For example, with 2048-bit RSA certificates and a cipher suite like
`AES256-SHA`, the server needs 6 times more CPU power than the
client. However, if we use `DHE-RSA-AES256-SHA` instead, the server
needs 34% less CPU power. The most efficient cipher suite from the
server point of view seems to be something like `DHE-DSS-AES256-SHA`
where the server needs half the power of the client.

However, you can't really use only these shiny cipher suites:

 1. Some browsers do not support them: they are limited to RSA cipher
    suites.[^1]
 2. Using them will increase your regular load a lot. Your servers may
    collapse with just legitimate traffic.
 3. They are expensive for some mobile clients: they need more memory,
    more processing power and will drain battery faster.

[^1]: Cipher suites supported by all browsers are `RC4-MD5`, `RC4-SHA`
      and `3DES-SHA`. <del>Support for `DHE-DSS-AES256-SHA` requires TLS
      1.2</del> <del>(not supported by any browser).</del>

Let's dig a bit more on why the server needs more computational power
in the case of RSA. Here is a TLS handshake when using a cipher suite
like `AES256-SHA`:

![TLS full handshake][s2]
[s2]: [[!!images/benchs-ssl/ssl-handshake.svg]] "Full TLS handshake"

When sending the _Client Key Exchange_ message, the client will
**encrypt** TLS version and 46 random bytes with the public key of the
certificate sent by the server in its _Certificate_ message. The
server will have to **decrypt** this message with its private
key. These are the two most expensive operations in the
handshake. Encryption and decryption are done with [RSA][rsa] (because
of the selected cipher suite). To understand why decryption is more
expensive than encryption, let me explain how RSA works.

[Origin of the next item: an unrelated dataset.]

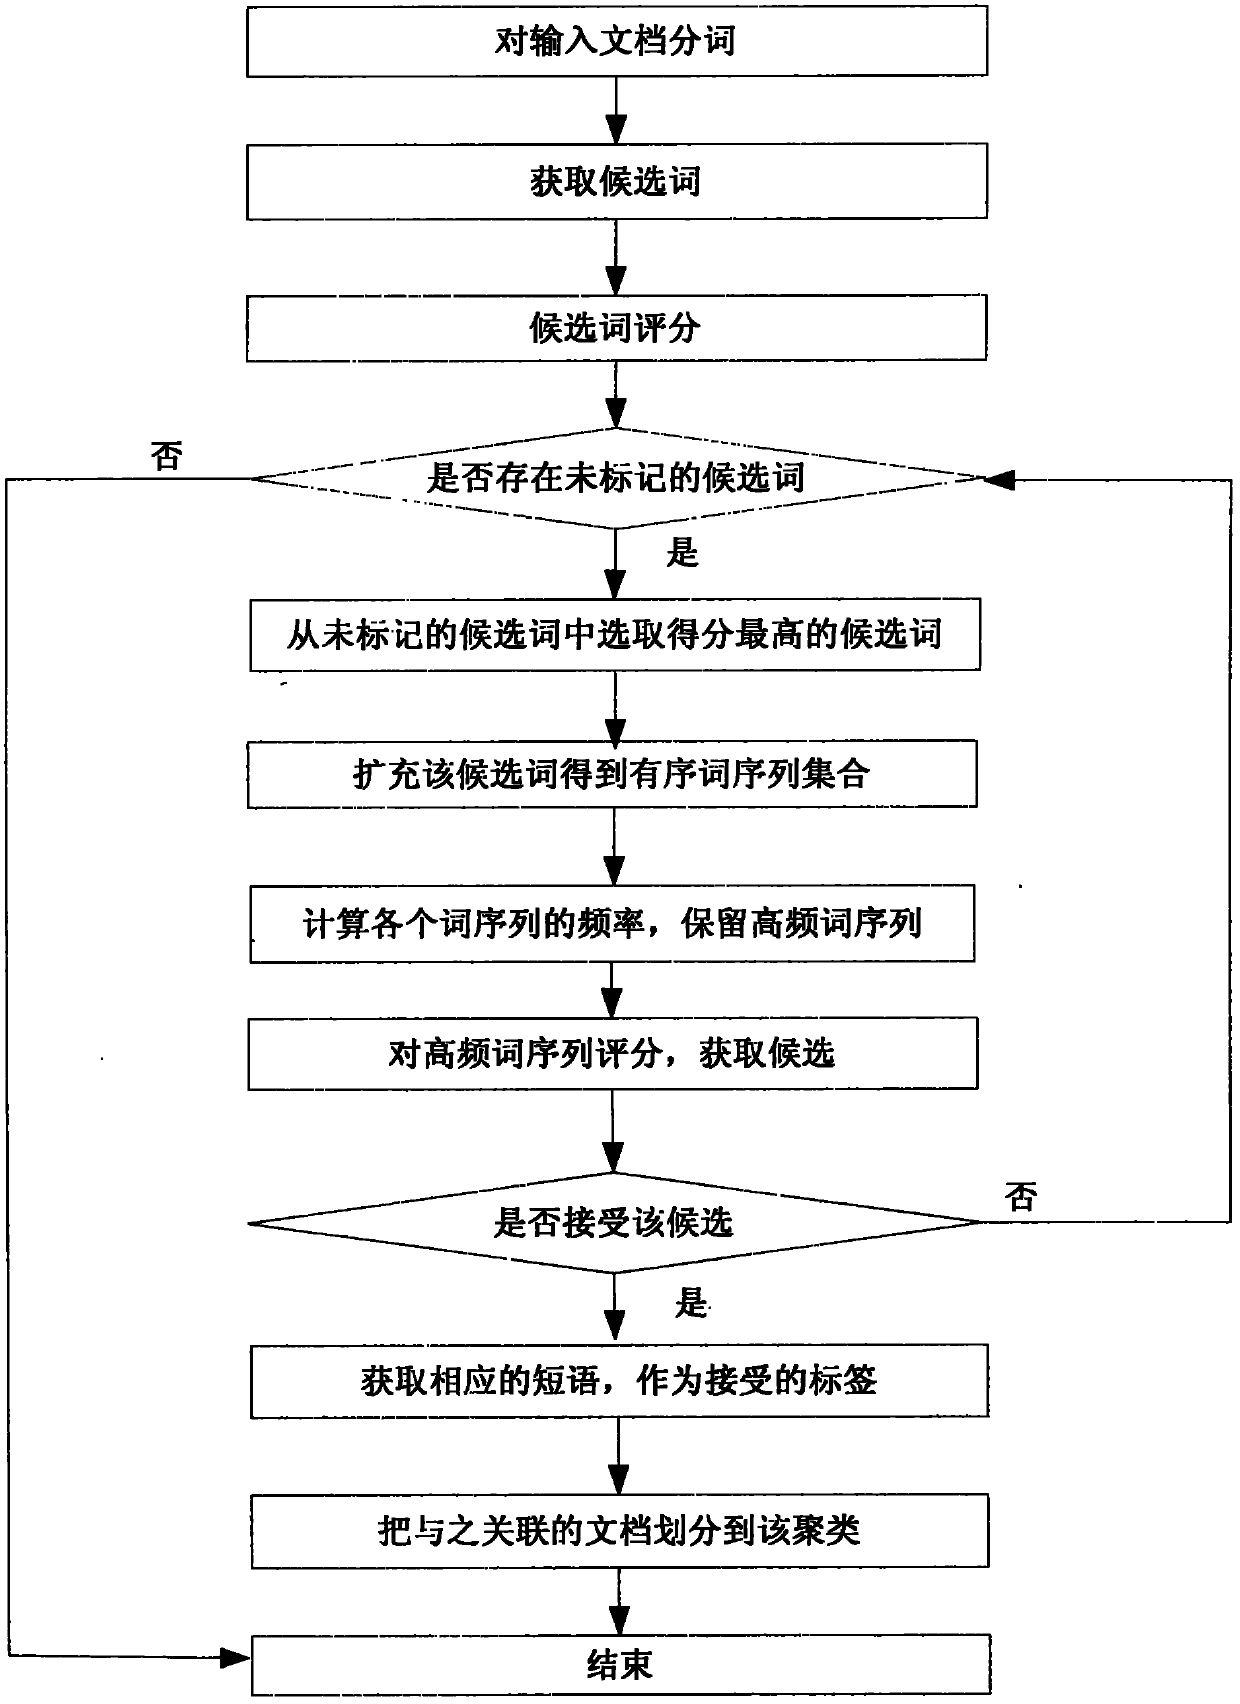 Chinese label extraction method for clustering search results of search engine
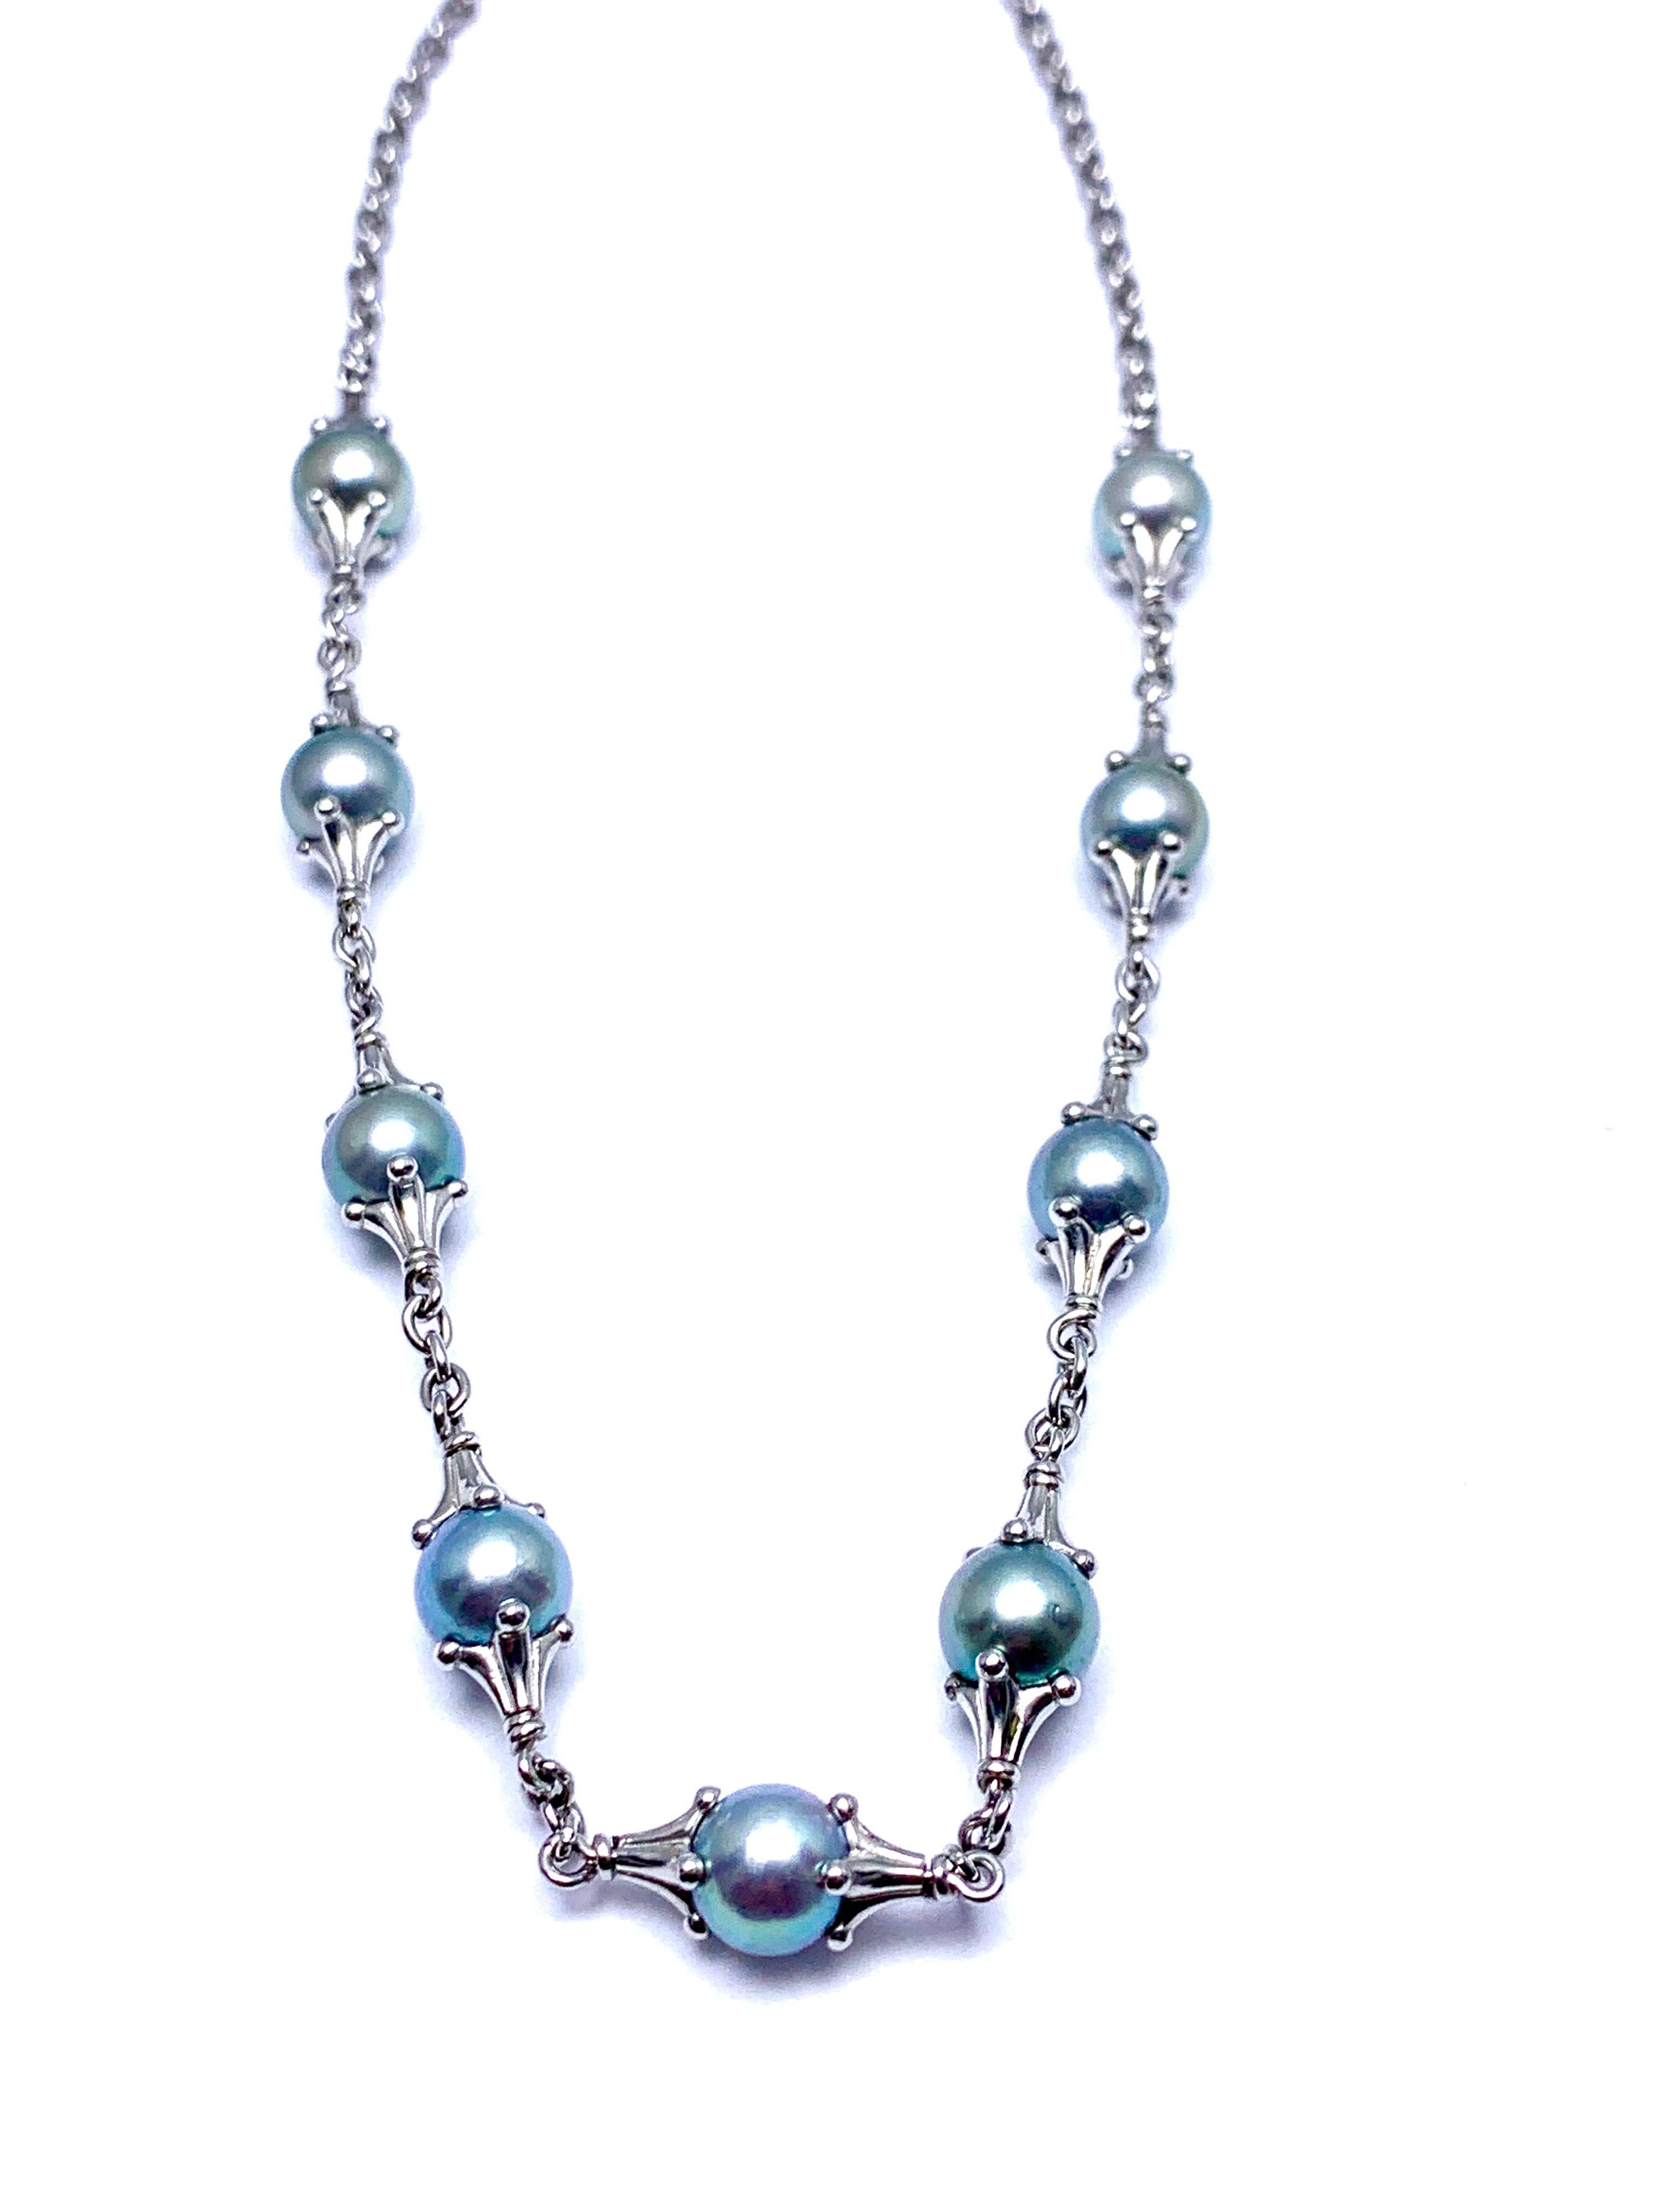 A gorgeous Paul Morelli cultured Tahitian Pearl and platinum necklace.  The Pearls measure from 8.50 - 9.00mm, set in stations between links. The necklace measures 16.50 inches in length, and features a toggle clasp. Signed

First, the server needs a public and a private key. Here are the main
steps to generate them:

 1. Pick two random distinct [prime numbers][prime] ·p· and ·q·, each
    roughly the same size.
 2. Compute ·n=pq·. It is the _modulus_.
 3. Compute ·\varphi(n)=(p-1)(q-1)·.
 4. Choose an integer ·e· such that ·1<e<\varphi(n)· and
    ·\gcd(\varphi(n),e) = 1· (i.e. ·e· and ·\varphi(n)· are
    [coprime][coprime]). It is the _public exponent_.
 5. Compute ·d=e^{-1}\bmod\varphi(n)·. It is the _private key
    exponent_.

The **public key** is ·(n,e)· while the **private key** is ·(n,d)·. A
message to be encrypted is first turned into an integer ·m<n· (with
some appropriate padding). It is then encrypted to a ciphered message
·c· with the public key and should only be decrypted with the private
key:

 - ·c=m^e\bmod n·  (encryption)
 - ·m=c^d\bmod n·  (decryption)

So, why is decryption more expensive? In fact, the key pair is not
really generated like I said above. Usually, ·e· is a small fixed
prime number with a lot of 0, like 17 (`0x11`) or 65537 (`0x10001`)
and ·p· and ·q· are chosen such that ·\varphi(n)· is coprime with
·e·. This allows encryption to be fast using
[exponentiation by squaring][squaring]. On the other hand, its inverse
·d· is a big number with no special property and therefore,
exponentiation is more costly and slow.

Instead of computing ·d· from ·e·, it is possible to choose ·d· and
compute ·e·. We could choose ·d· to be small and coprime with
·\varphi(n)· and then compute ·e=d^{-1}\bmod\varphi(n)· and get
blazingly fast decryption. Unfortunately, there are two problems with
this:

 - Most TLS implementations expect ·e· to be a 32-bit integer.
 - If ·d· is too small (less than one-quarter as many bits as the
   modulus ·n·), it can be
   [computed efficiently from the public key][wiener].

Therefore, we cannot use a small private exponent. The best we can do
is to choose the public exponent to be ·e'=4294967291· (the biggest
prime 32-bit number and it contains only one 0). However, there is no
change as you can see on our comparative plot.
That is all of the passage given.